Year 708 (DCCVIII) was a leap year starting on Sunday (link will display the full calendar) of the Julian calendar. The denomination 708 for this year has been used since the early medieval period, when the Anno Domini calendar era became the prevalent method in Europe for naming years.

Events 
 By place 
 Byzantine Empire 
 Arab–Byzantine War: The Umayyads under Maslamah ibn Abd al-Malik capture and sack the Byzantine city of Tyana (Cappadocia) after a prolonged siege, and following a victory over a Byzantine relief army. Maslamah also leads another expedition in the summer, raiding and conquering Amorium (modern Turkey).

 Europe 
 Battle of Anchialus: A Byzantine expeditionary force under Emperor Justinian II is defeated near the seaside city of Anchialus, on the Black Sea Coast.

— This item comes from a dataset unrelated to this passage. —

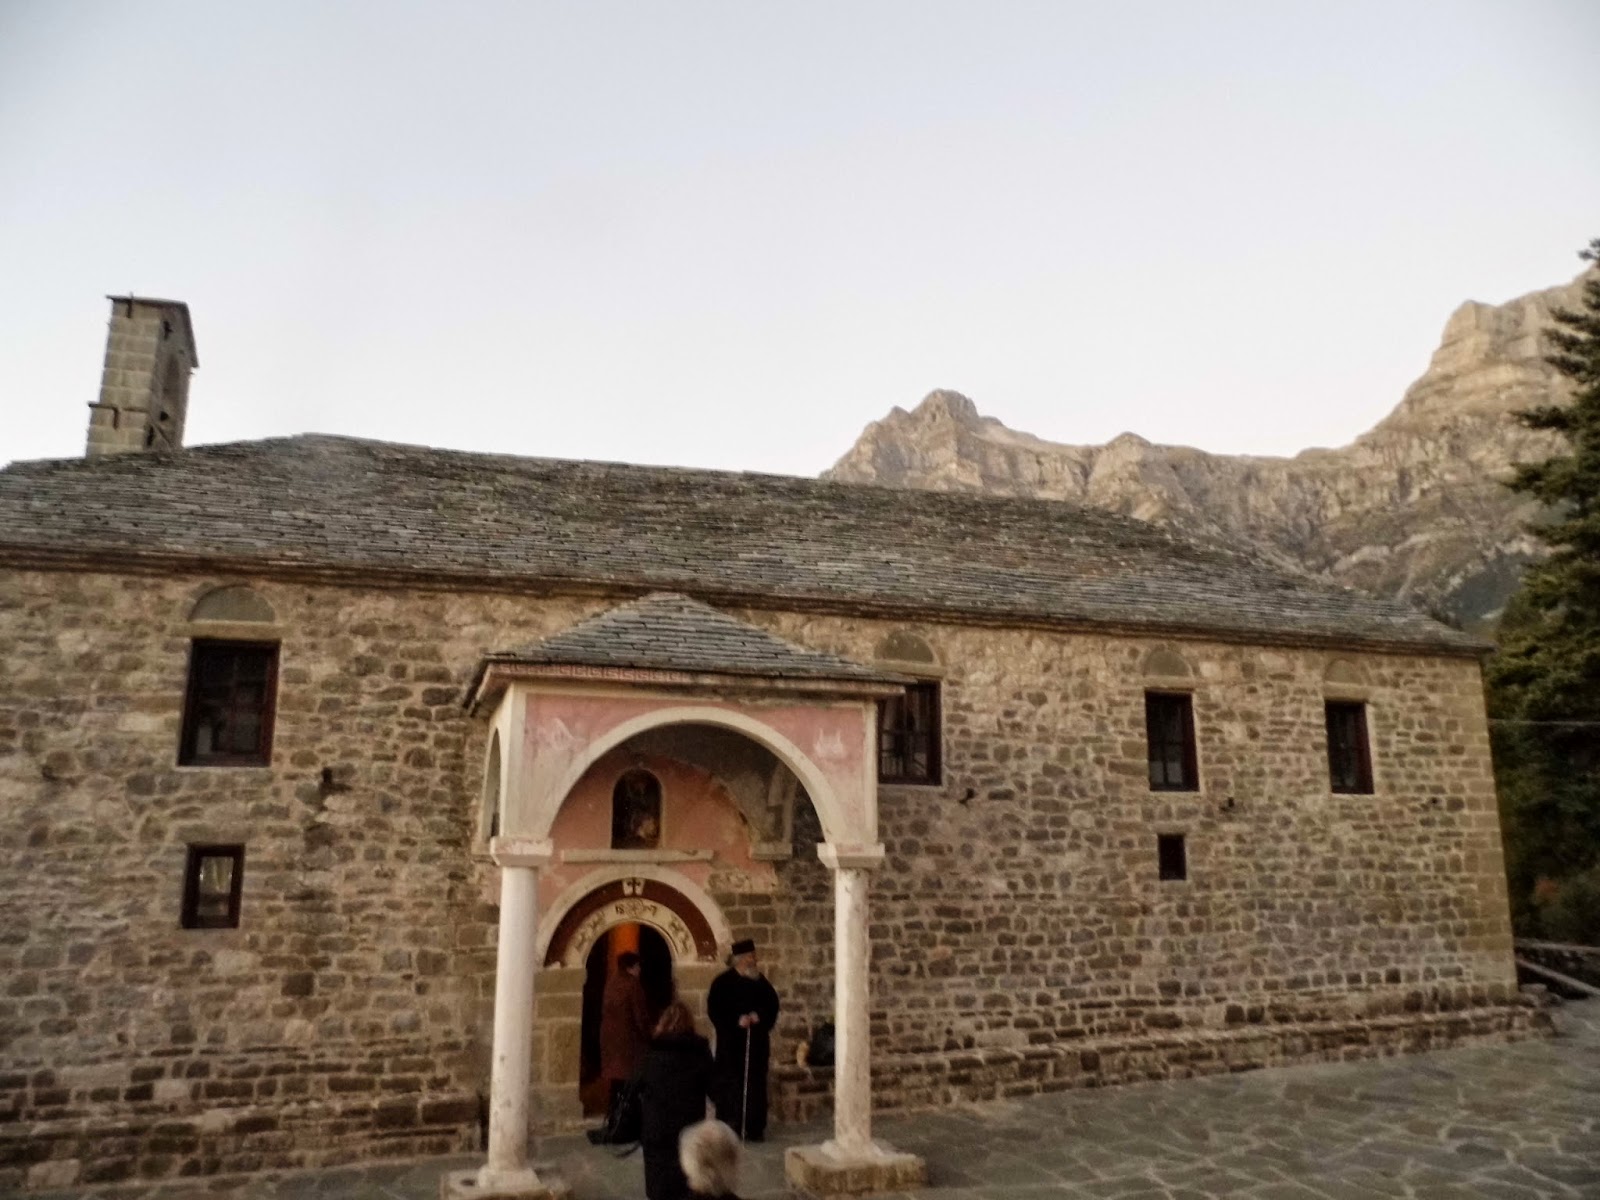 Το ιστορικό μοναστήρι της Αγίας Αικατερίνης στους Καταρράκτες Τζουμέρκων Άρτας [photos + video] - Φωτογραφία 9

The Byzantines are overwhelmed by a surprise attack of Bulgarian cavalry, led by Tervel. Justinian manages to reach the fortress, and escapes to Constantinople on a ship.

 Asia 
 Nazaktar Khan, a Turk Shahi prince in alliance with the Tibetan Empire, captures Bactria from the Umayyads.
 August 29 – Copper coins are minted in Japan for the first time (Traditional Japanese date: August 10, 708).

 By topic 
 Medicine 
 Tea drinking gains popularity among the Chinese. It is also valued for its alleged medicinal values (approximate date).

 Religion 
 January 15 – Pope Sisinnius succeeds Pope John VII as the 87th pope.
 March 25 – Pope Constantine I succeeds Pope Sisinnius as the 88th pope.
 Island Mont Tombe is dedicated to Michael and renamed Mont Saint-Michel.

Births 
 Theudoald, mayor of the palace of Austrasia (or 707)
 Yuthog Yontan Gonpo, Tibetan high priest (lama) (d. 833)

Deaths 
 February 4 – Sisinnius, pope of the Catholic Church 
 June 5 – Jacob of Edessa, Syriac writer
 Abd-Allah ibn Ibadh, Muslim jurist and imam
 Drogo, duke of Champagne (b. 670)
 Julian II the Roman, Syriac Orthodox Patriarch of Antioch.